What might wrinkle your forehead with expression is the music is also slow and sludgy with the acceleration of a slithering slug at points. There is also a pick-up point in the last track, but nothing that breaks a medium beat. The effects reek up the atmosphere with them thrown raw and spoiled into the frying pan. The vocals are also of the deep and growled variety and extend their course throughout the recordings as such. He even does some echoey laughs that cackle and fittingly weave themselves into the spiraling environment that's akin to something like a black, endless void. The guitars carry the song writing with weighted rhythms and some single strummed chords. He manages to pull out some leads and some cool sounding bends at particular points that really promote positive marks to the atmosphere. When I first heard this, I honestly kept on thinking that the songs were going to pick up and break into a blast or something faster due to it building and building into something you might be potentially unsure of. But the band at this point is as slow as the drip-drip of melting ice with the heater some many feet away. And I have to say their performance is still worthy in this spaced use of notes to distribute their nefarious endeavors.
The words "murder" and "rape" is the third world's answer to brute and barbarity. The band possess a name that when reversed and done in steps of action it would make more sense but is still just as extreme. Yet if you can get that notion out of your head, the music possess something different than overbearing gore and coughing-blood sickness, backing away from that pre-set with more of an escaping atmosphere. The music is paced, mostly slowly paced, with some physical and abstract sounding rhythms wafting through the dense air. Something more darkly suave than narrowly aggressive. If you have or haven't heard the debut, I still find this the better of the material.
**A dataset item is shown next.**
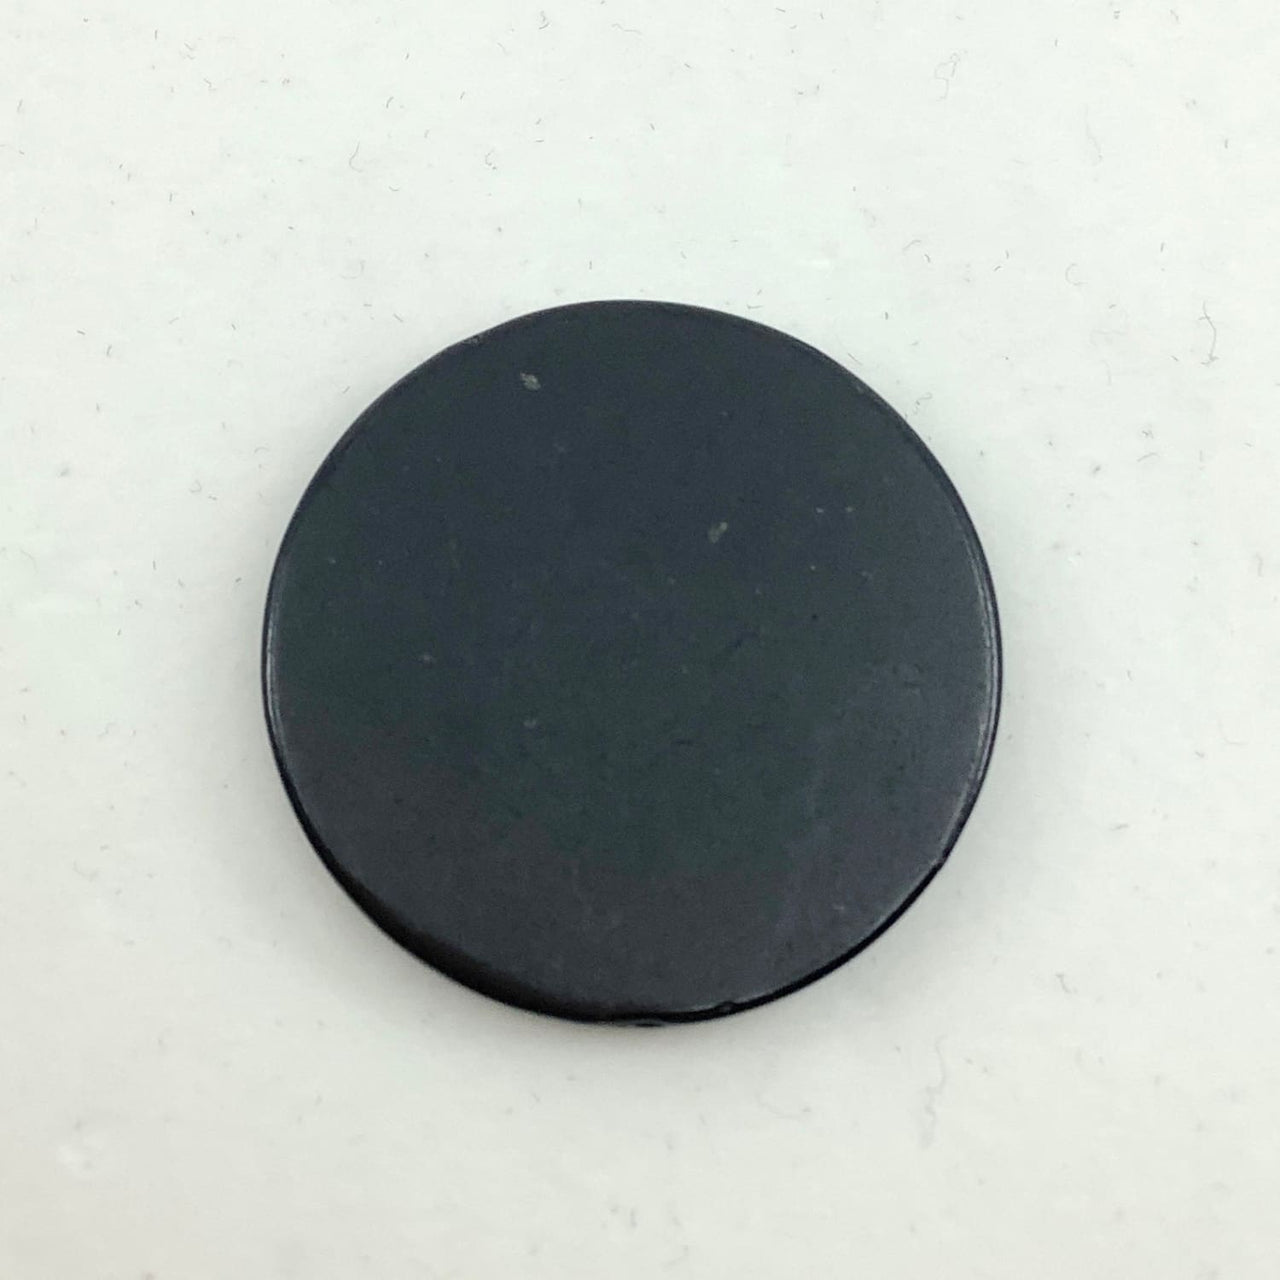 1 Shungite Adhesive Disc for phone for protection from EMF 
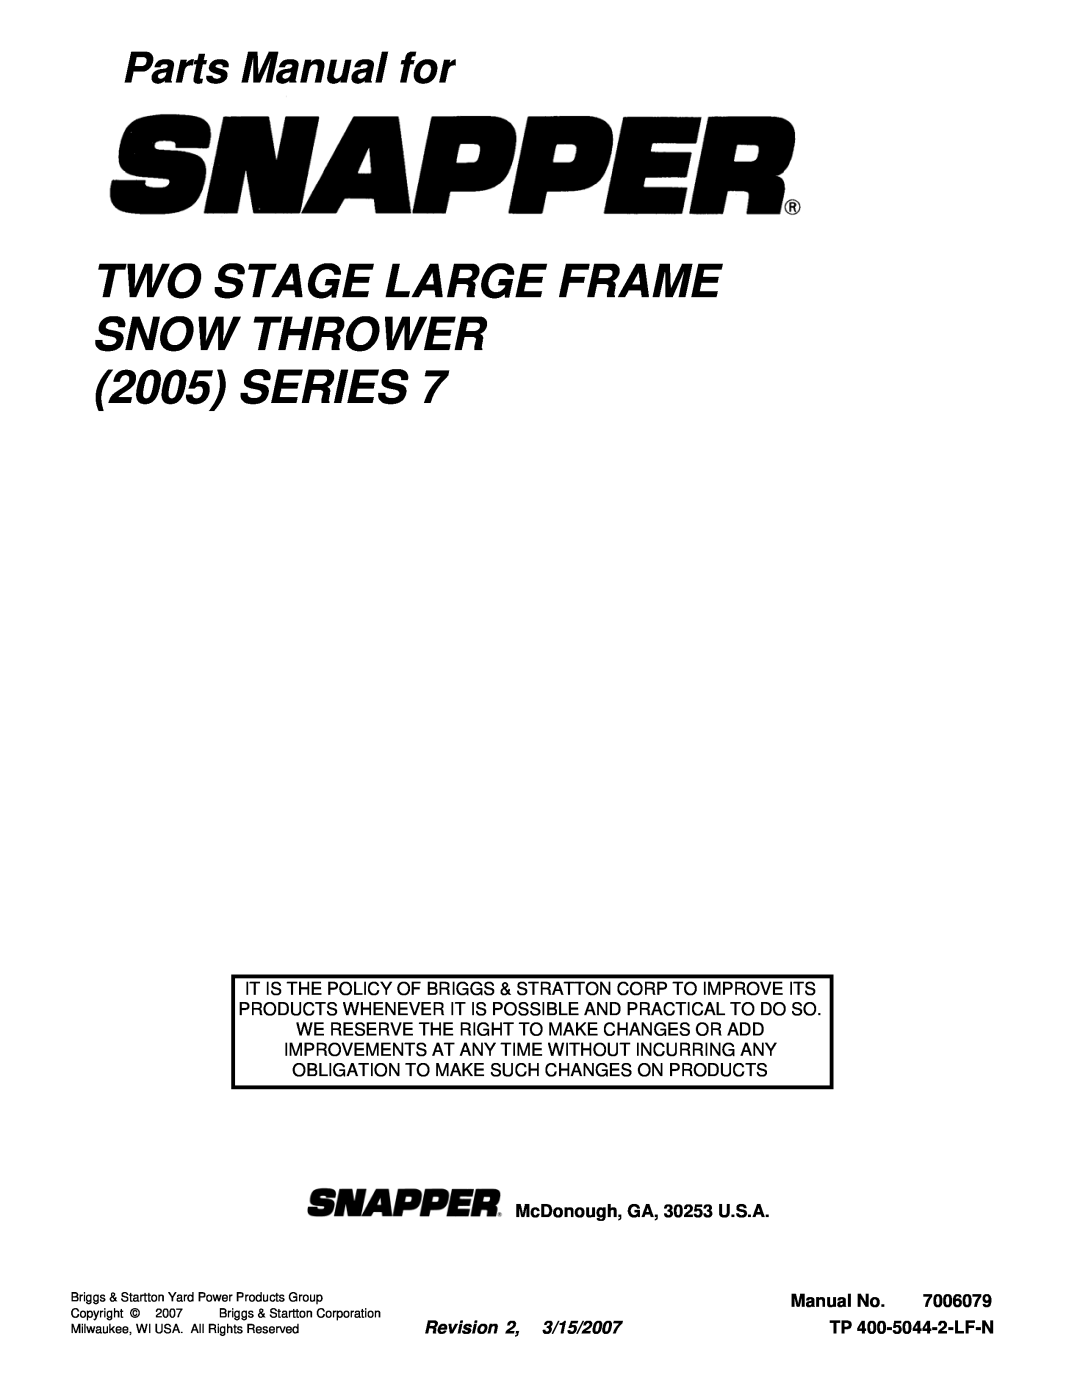 Snapper E12387, E9247, E10287, 9247E TWO STAGE LARGE FRAME SNOW THROWER 2005 SERIES, Parts Manual for, Revision 2, 3/15/2007

This has more natural climate, where the debut is dusted, and finds itself to some standard chugging sections that can sound middle road and are attempting to be more heavy inducing; the second full length returns with their dragging speed and suits the band more snugly I have to say. This isn't groundbreaking or pivotal in regards to what extreme metal has already done at that point, though its vigor lies with being mood-centered and I feel achieves return listens because of that worked-through feature. The 'In Liaison' demo is material that is worth it for some slower paced extreme metal that could possibly be construed as being death-doom from an unknowing person's stand-back perspective. I have to admit they sound like something in the loose vicinity of New York's Winter if you need a better idea of how these southern Brazilians come across. I can imagine some people need more jump-starts when listening to music of the style, but I happen to indulge in it when it is done right. Yet the musicians still manage to pull that off in a black mindset; whichever way you seem to get to the other side of the tunnel doesn't so much matter that you survived and found your way in the end is what I've essentially come to the conclusion of, and also most importantly if the journey was worth the work and the trouble. (For the next scrumptious review see Lord Blasphemate)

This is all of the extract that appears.